**DATASET CONTENT:**
══════

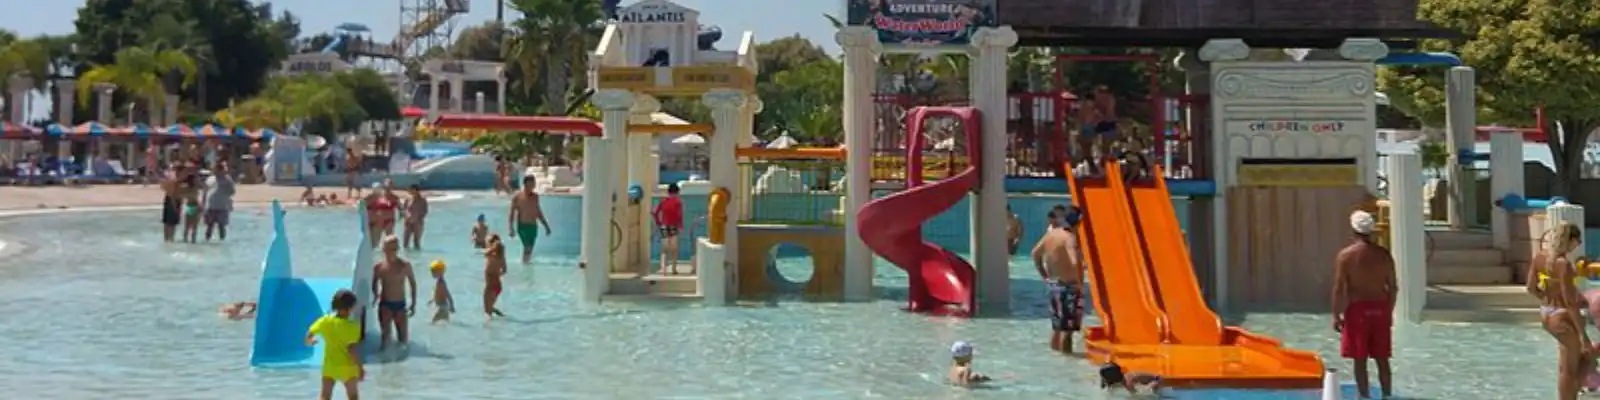 Theme parks, Eco Park, Amusement Park, Water park design
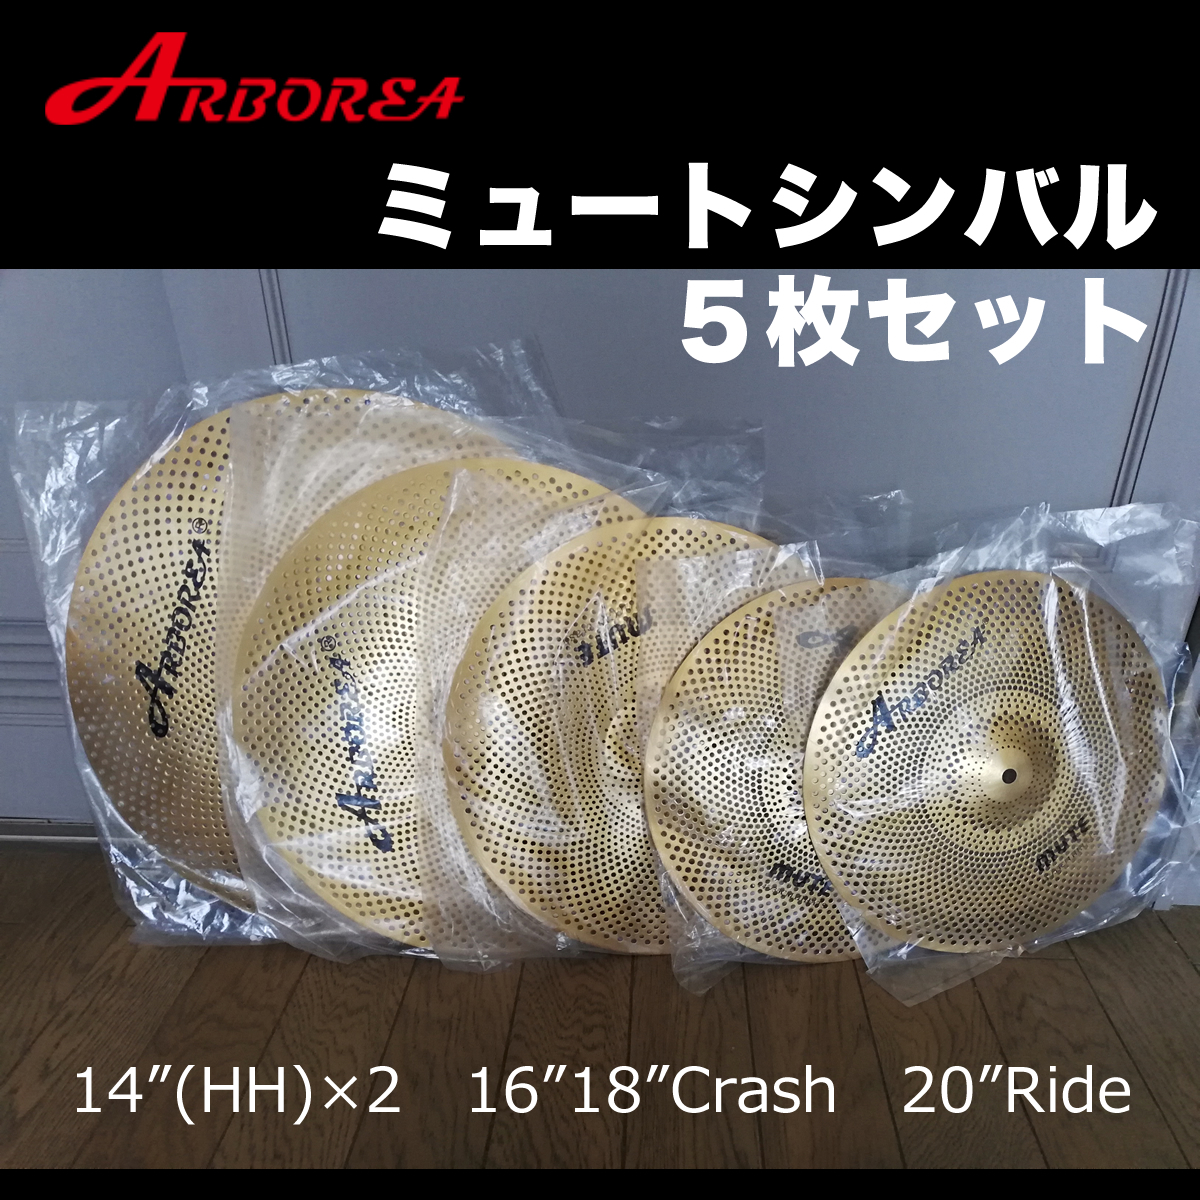 送料無料・新品] Arborea ミュートシンバル/ゴールド 5枚組 14HH/16C
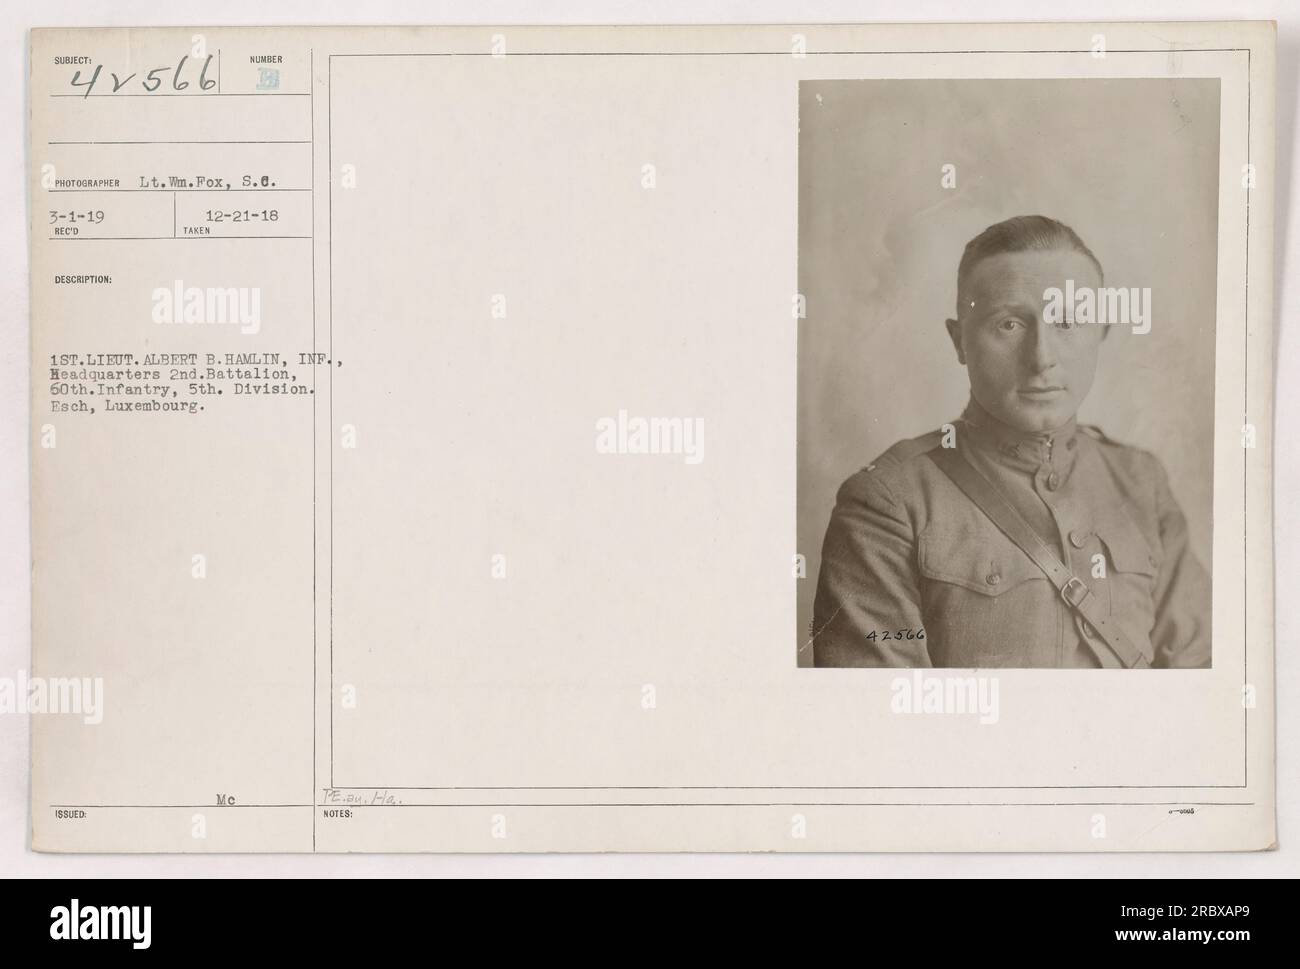 Il primo tenente Albert B. Hamlin della 60th Infantry, 5th Division, è raffigurato a Esch, Lussemburgo, in questa fotografia scattata dal tenente WN. Fox il 3 gennaio 1919. La fotografia è numerata 41566 ed è stata pubblicata il 21 dicembre 1918. Foto Stock

══════

**WORK INSTRUCTION:** Exactly as written, restate all of the data, leaving out the images.

**SOLVED PROBLEM:**
 Theme parks, Eco Park, Amusement Park, Water park design
 送料無料・新品] Arborea ミュートシンバル/ゴールド 5枚組 14HH/16C
 Il primo tenente Albert B. Hamlin della 60th Infantry, 5th Division, è raffigurato a Esch, Lussemburgo, in questa fotografia scattata dal tenente WN. Fox il 3 gennaio 1919. La fotografia è numerata 41566 ed è stata pubblicata il 21 dicembre 1918. Foto Stock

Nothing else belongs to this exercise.